Problem to work on. Repeat the listing exactly, minus the pictures.

Supplied information.

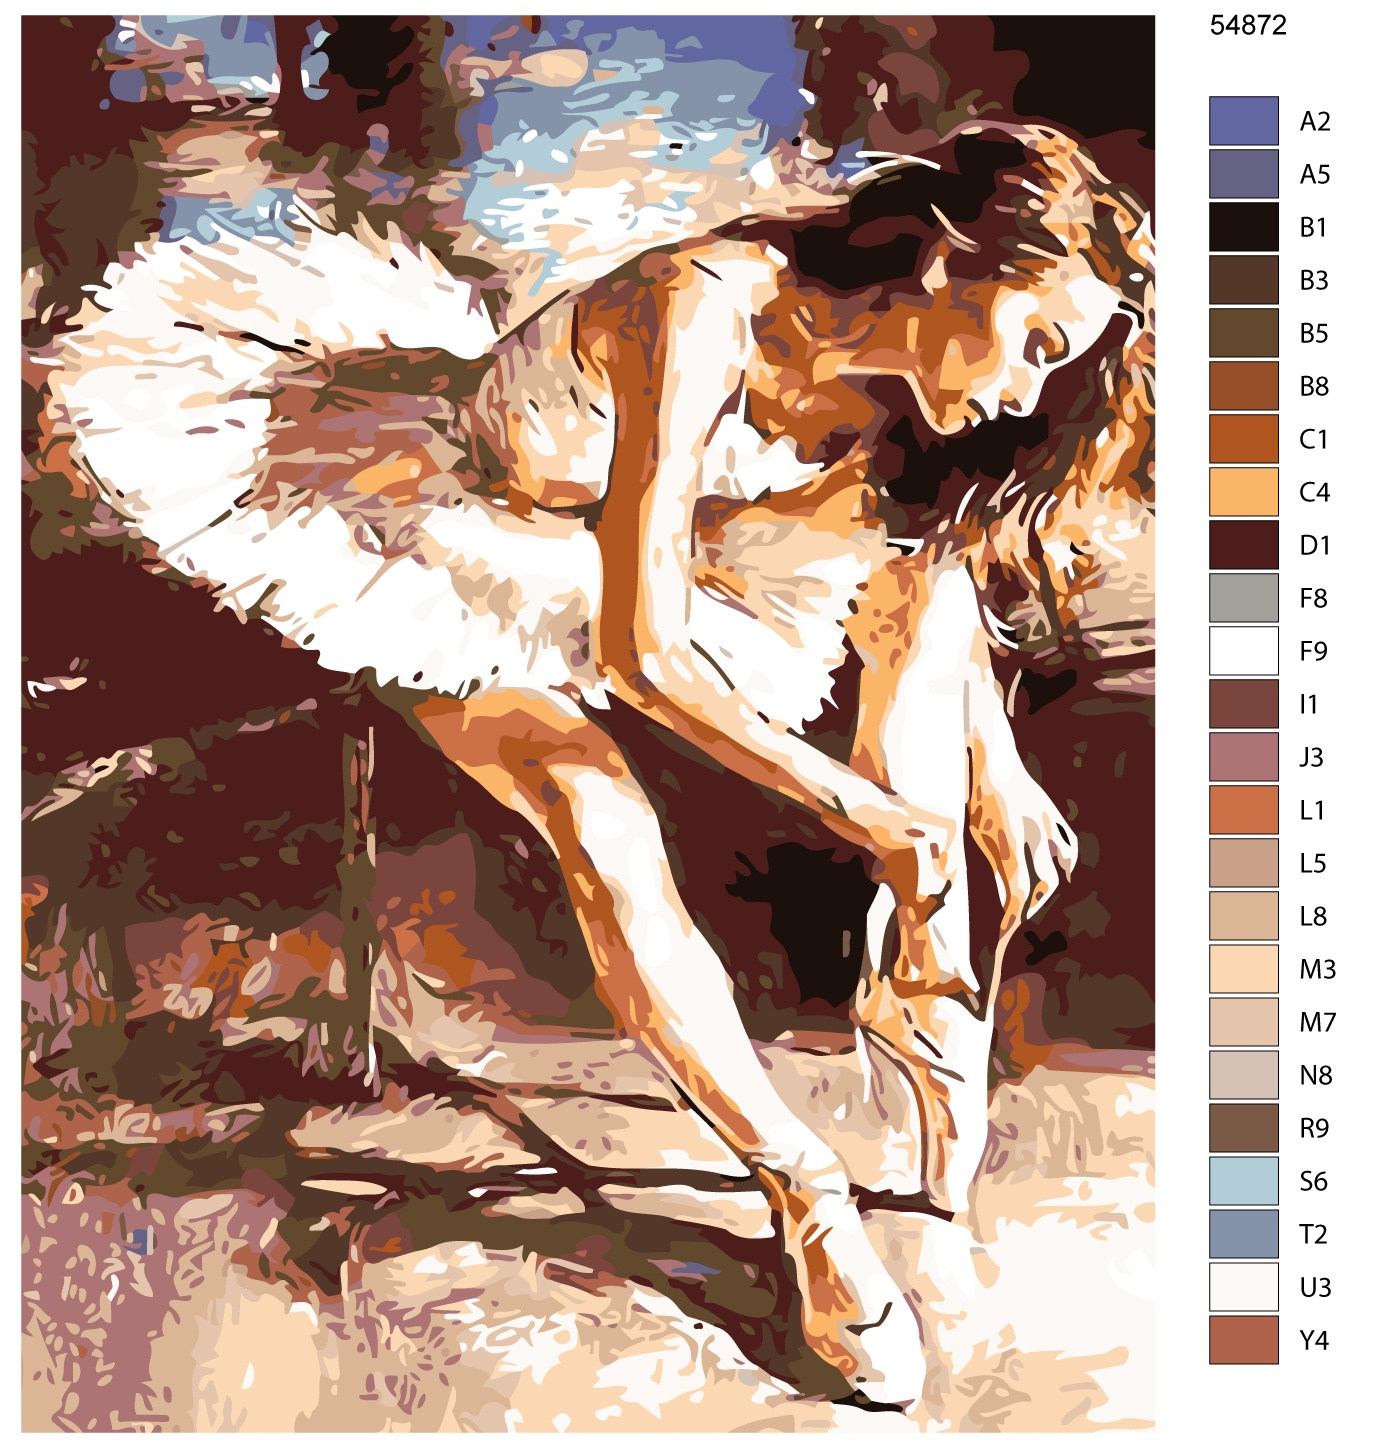 Картина по номерам, 40 x 50 см, KTMK-54872 Живопись по номерам
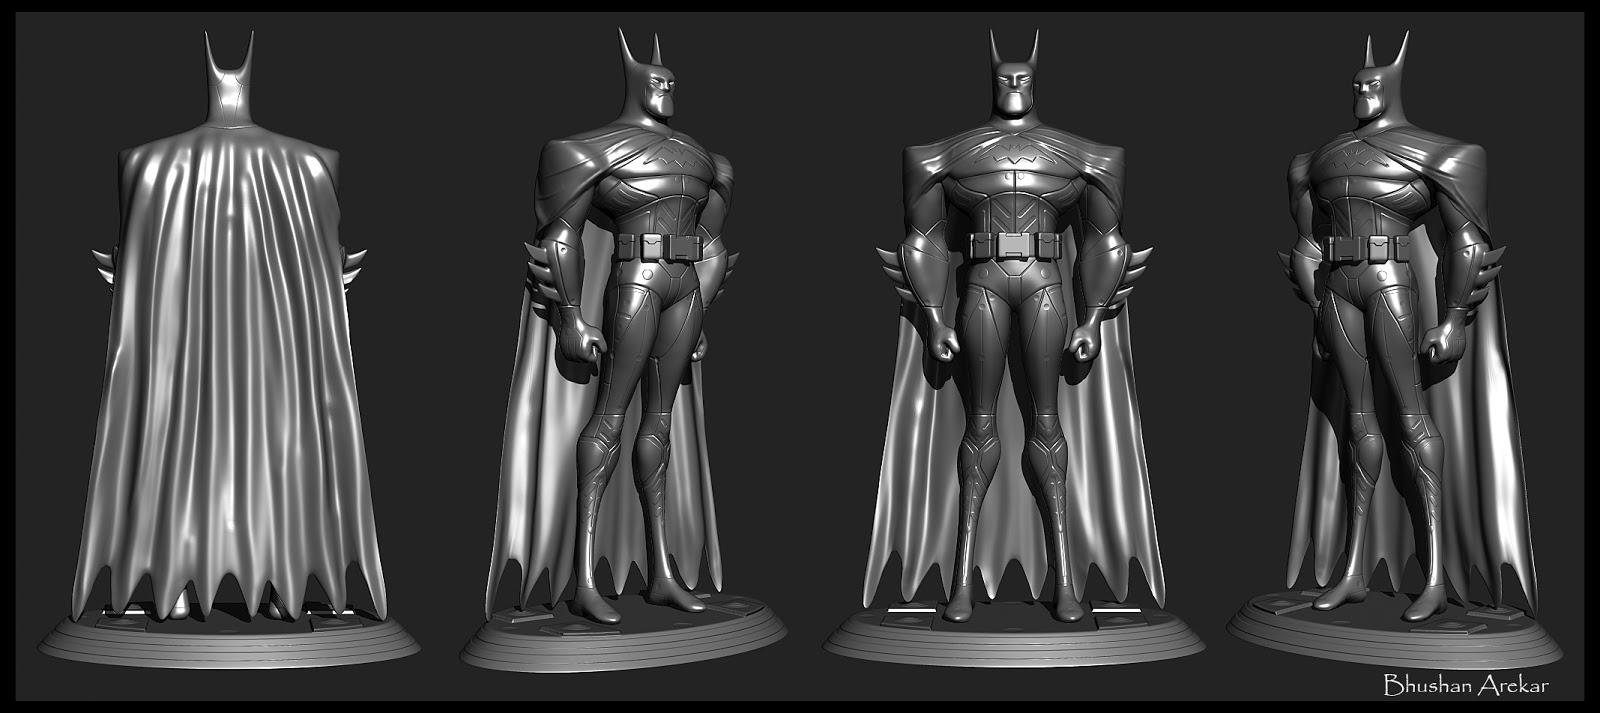 http://3.bp.blogspot.com/-d0VGUBEZ2rM/Ufy3RkK0B6I/AAAAAAAADCo/9tPxqll7BkA/s1600/Batman.jpg
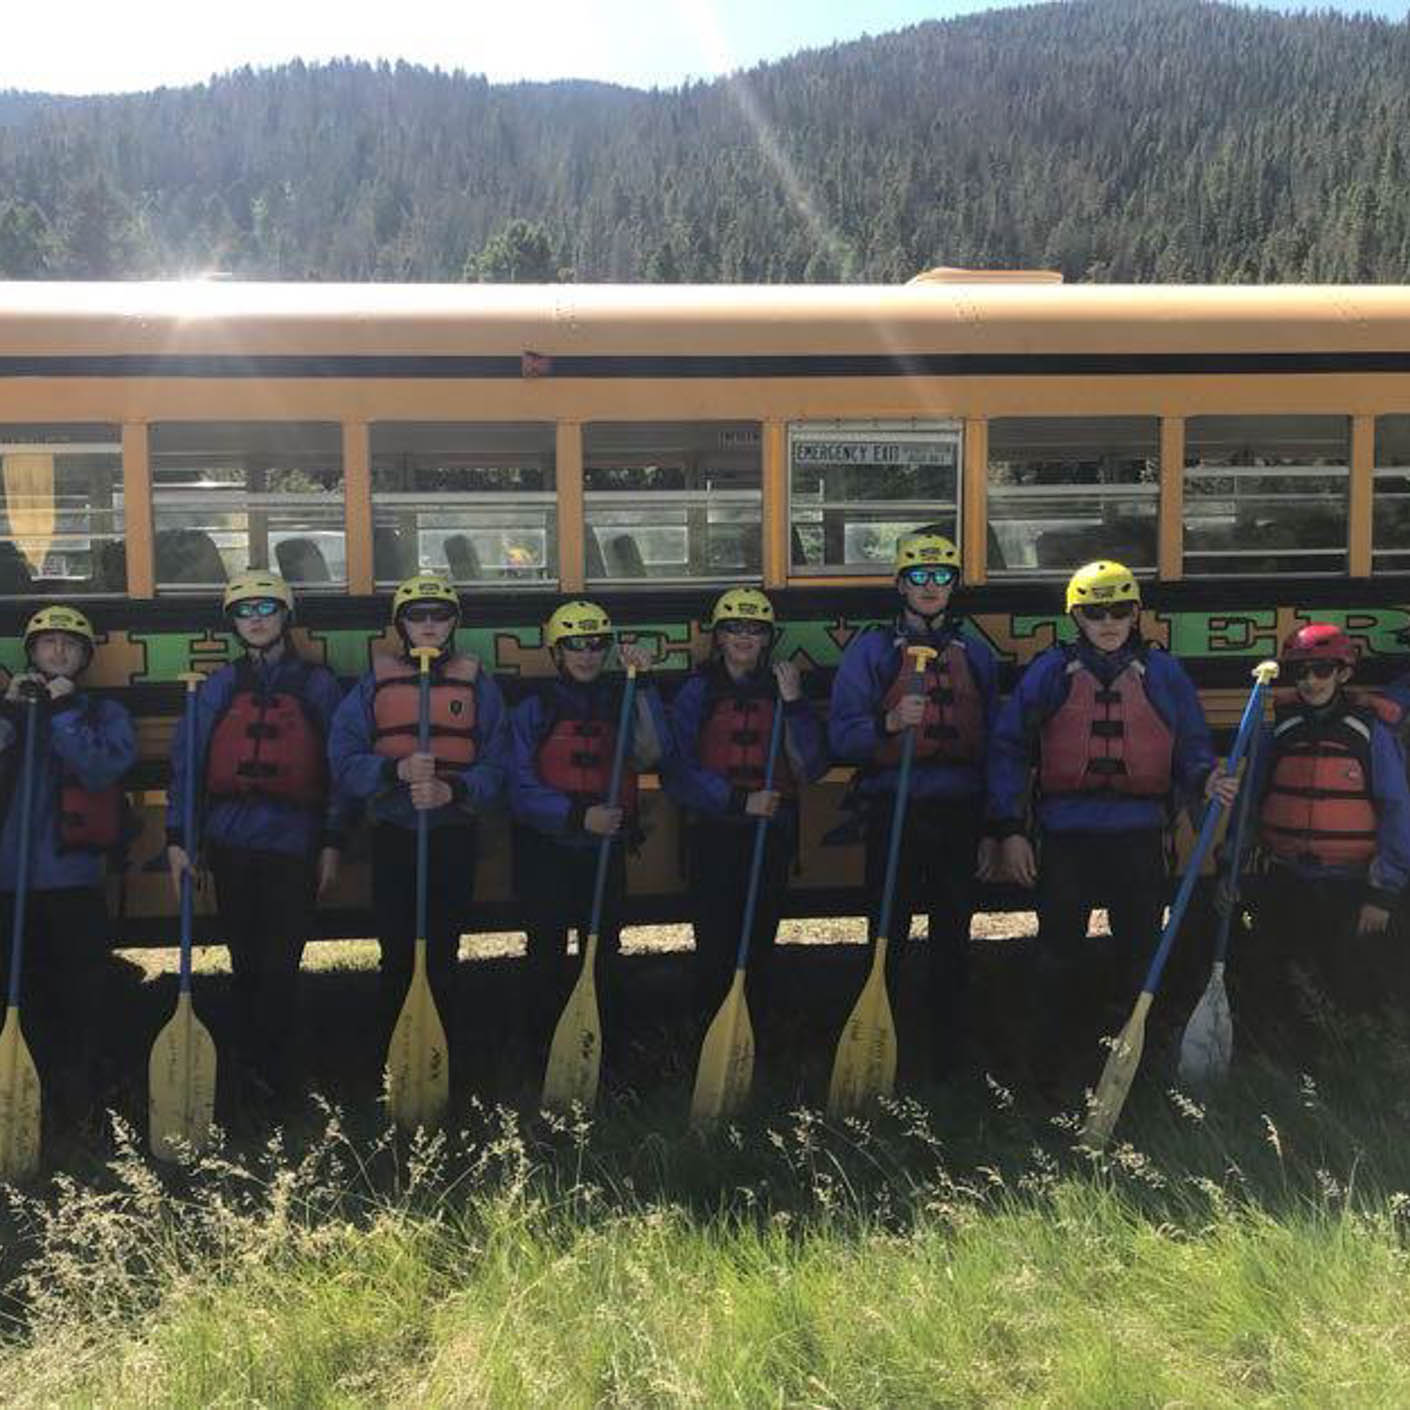 Montana Fly Fishing whitewater rafting

Answer for this exercise.
 Картина по номерам, 40 x 50 см, KTMK-54872 Живопись по номерам
 http://3.bp.blogspot.com/-d0VGUBEZ2rM/Ufy3RkK0B6I/AAAAAAAADCo/9tPxqll7BkA/s1600/Batman.jpg
 Montana Fly Fishing whitewater rafting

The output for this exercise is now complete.